* _AIM OF THE EXERCISE_: What is wanted is every line below from the one with "Allergan/Abbvie" up to and including the one with "Main Image - adidas", retyped exactly, pictures excluded, nothing else.

* _RECORDS PROVIDED_:
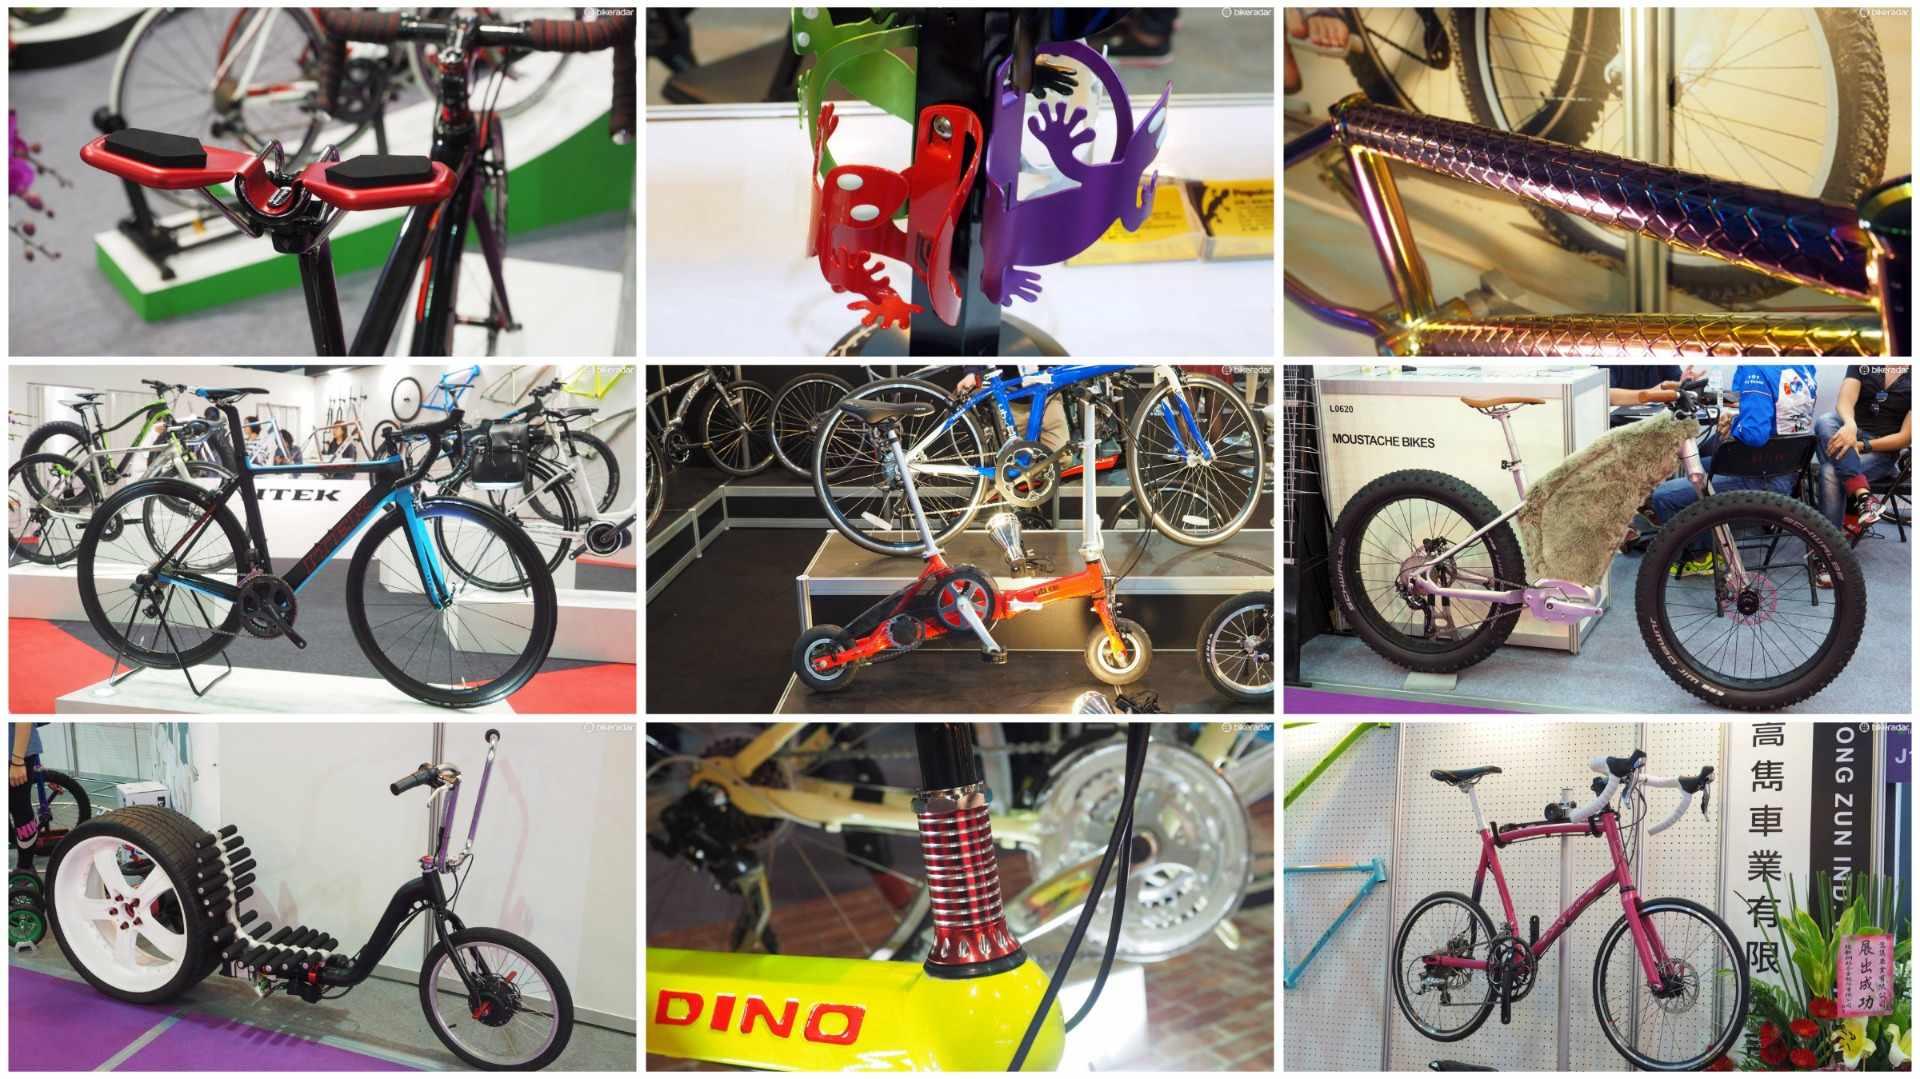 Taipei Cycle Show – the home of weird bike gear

--

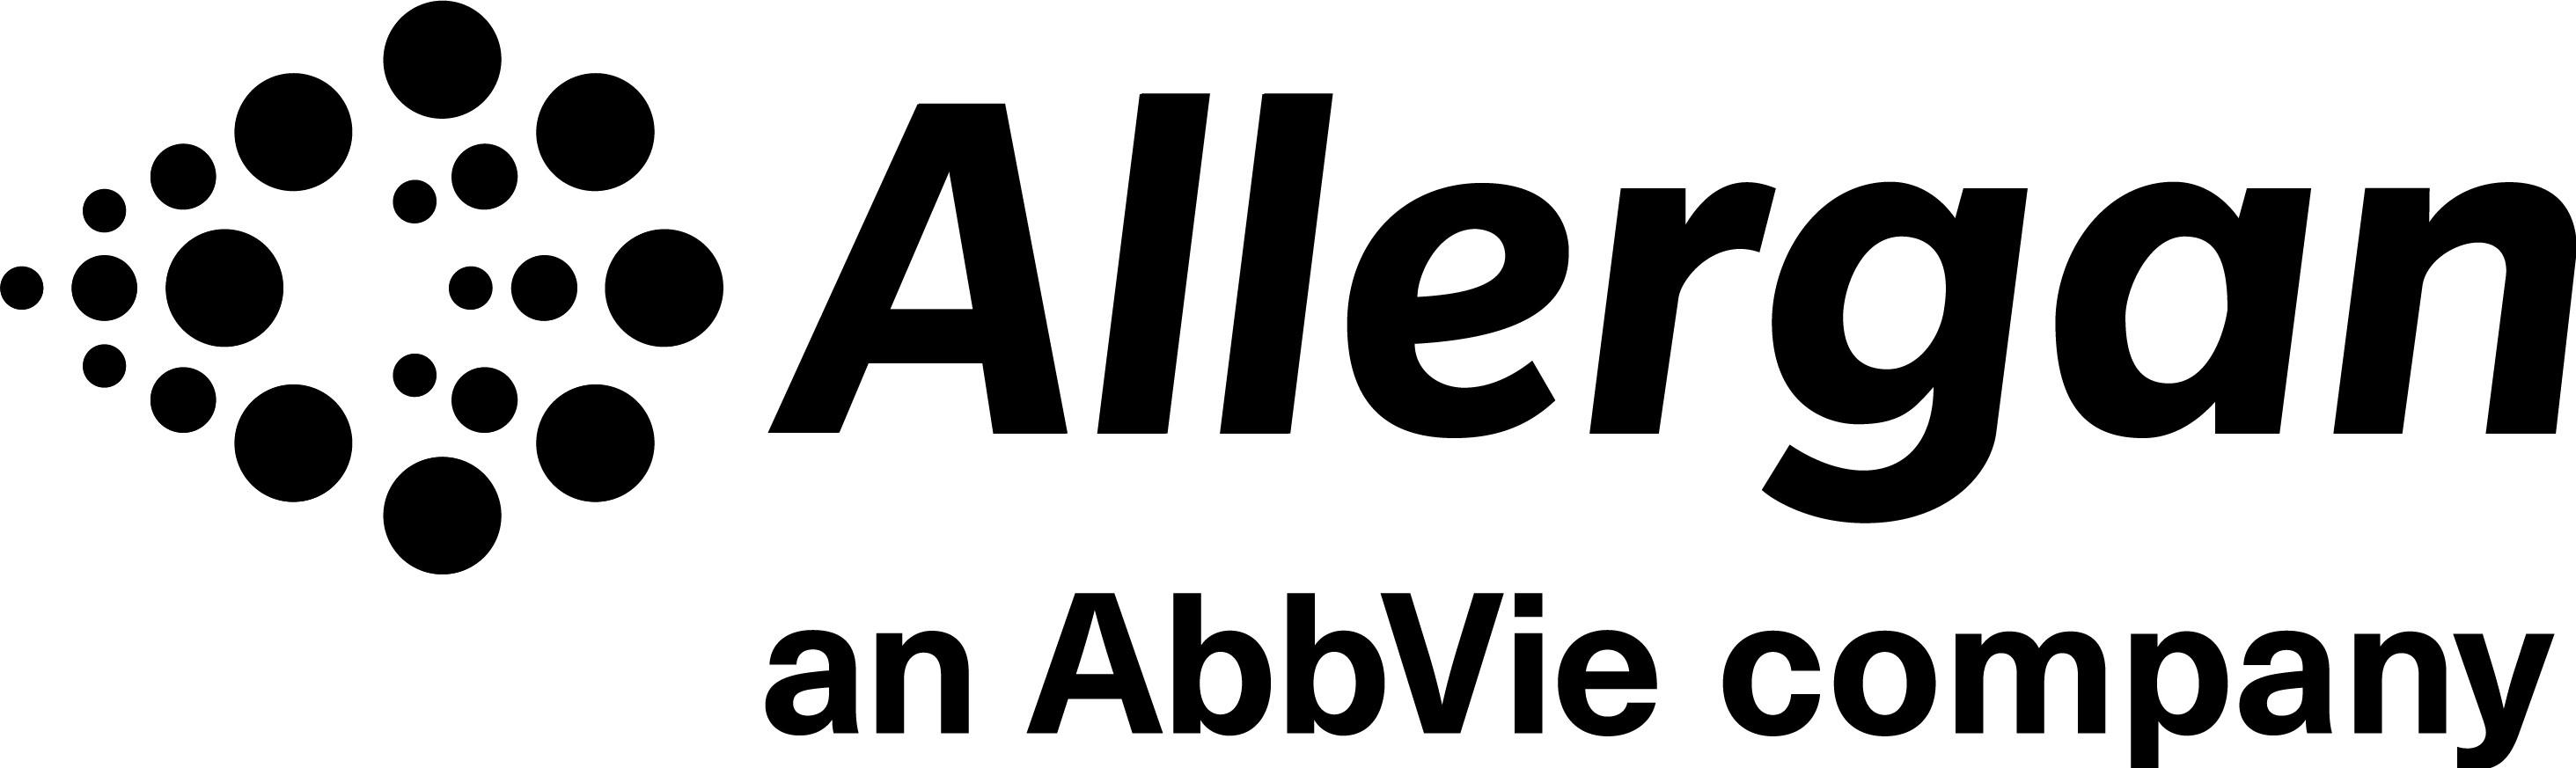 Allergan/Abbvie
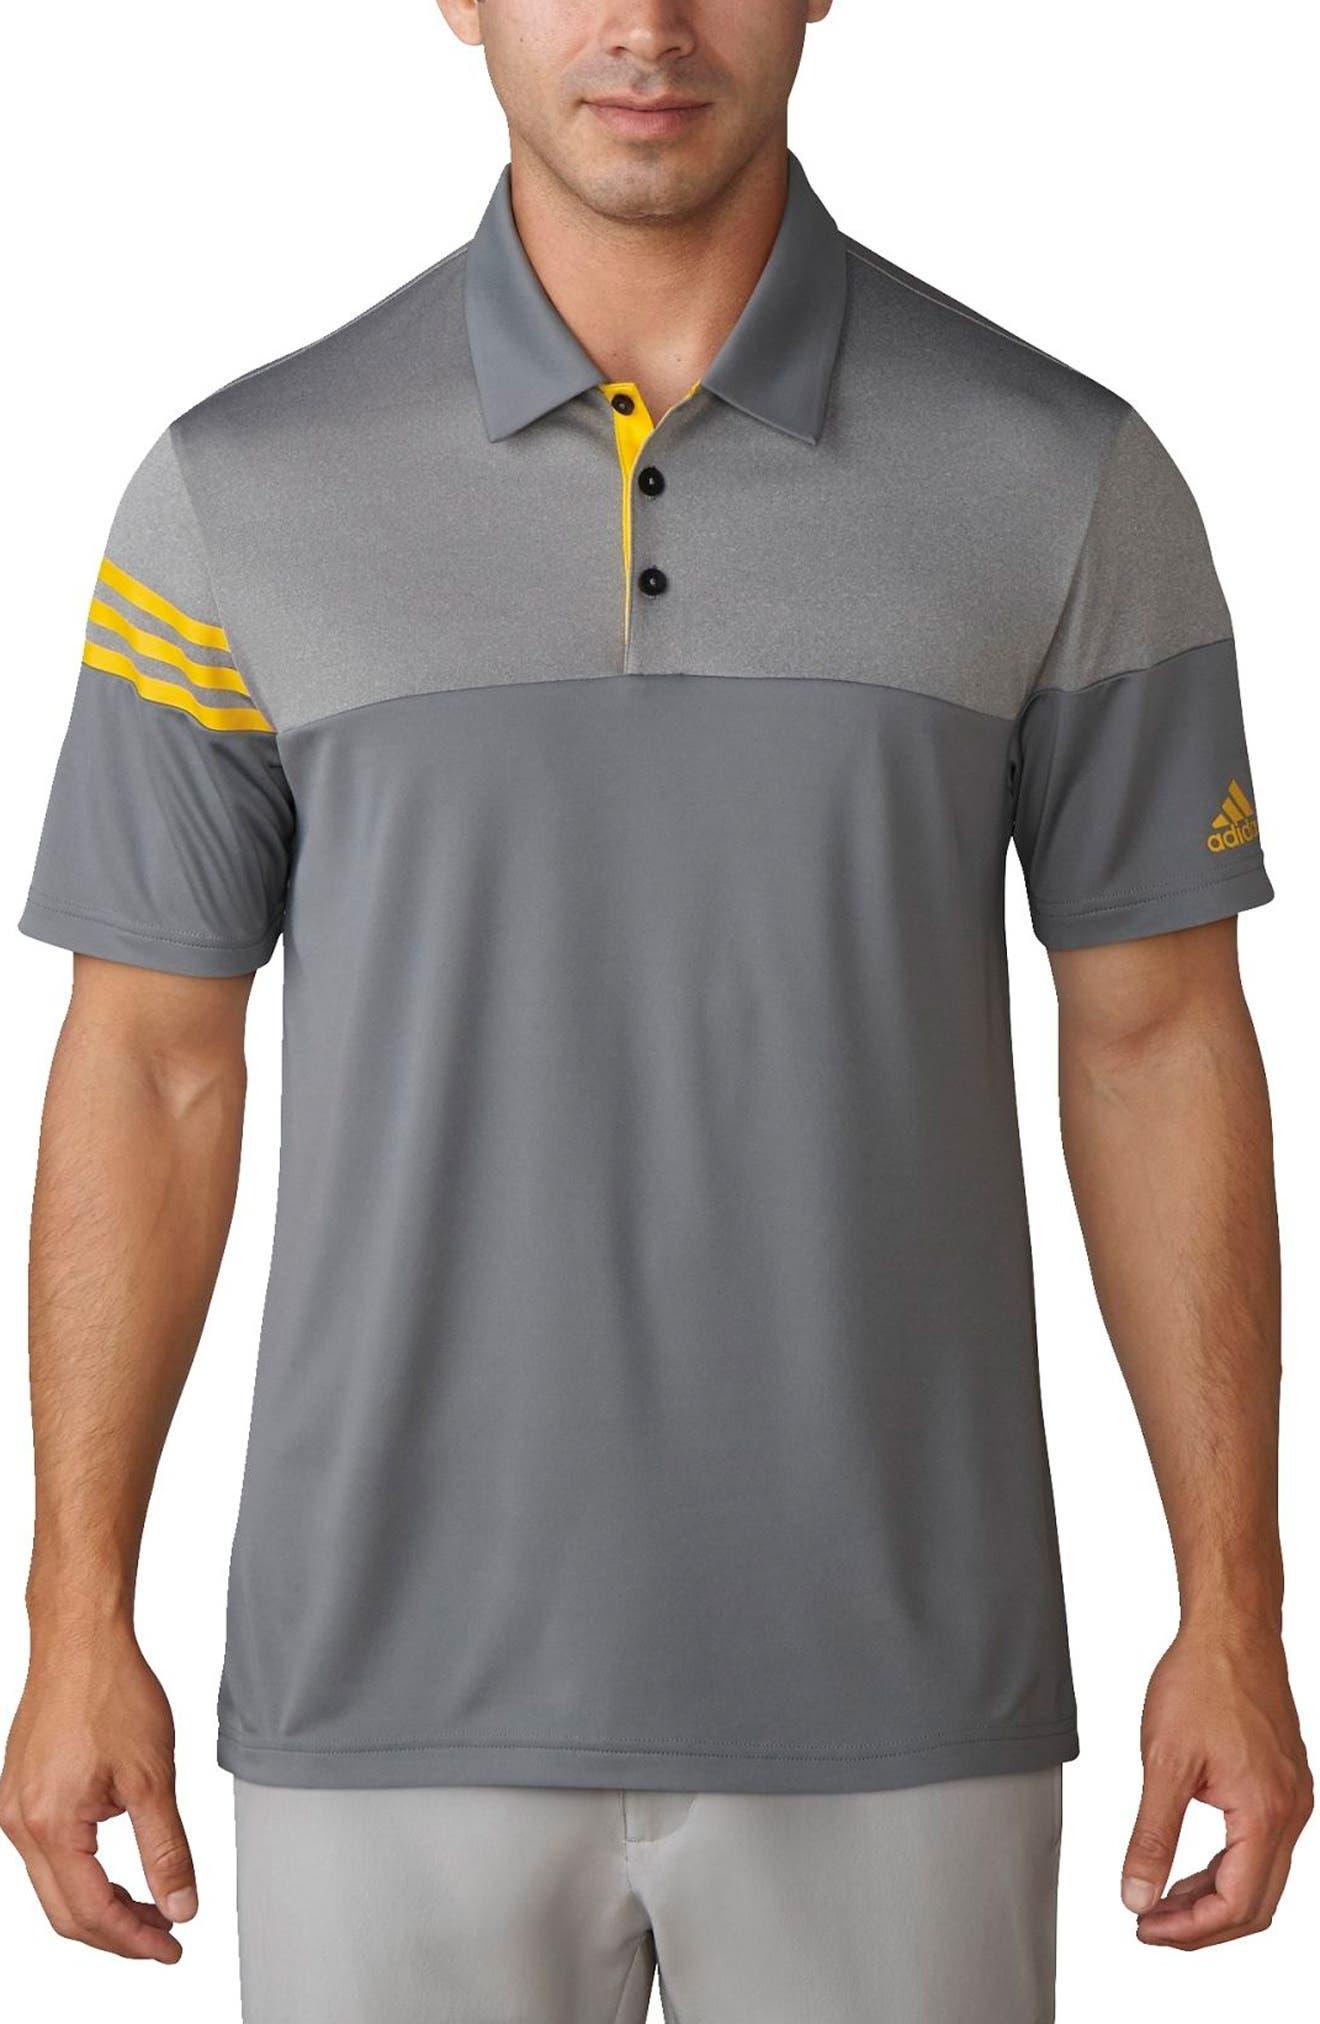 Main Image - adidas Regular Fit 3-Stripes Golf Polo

* _PROBLEM SOLUTION_:
 Allergan/Abbvie
 Main Image - adidas Regular Fit 3-Stripes Golf Polo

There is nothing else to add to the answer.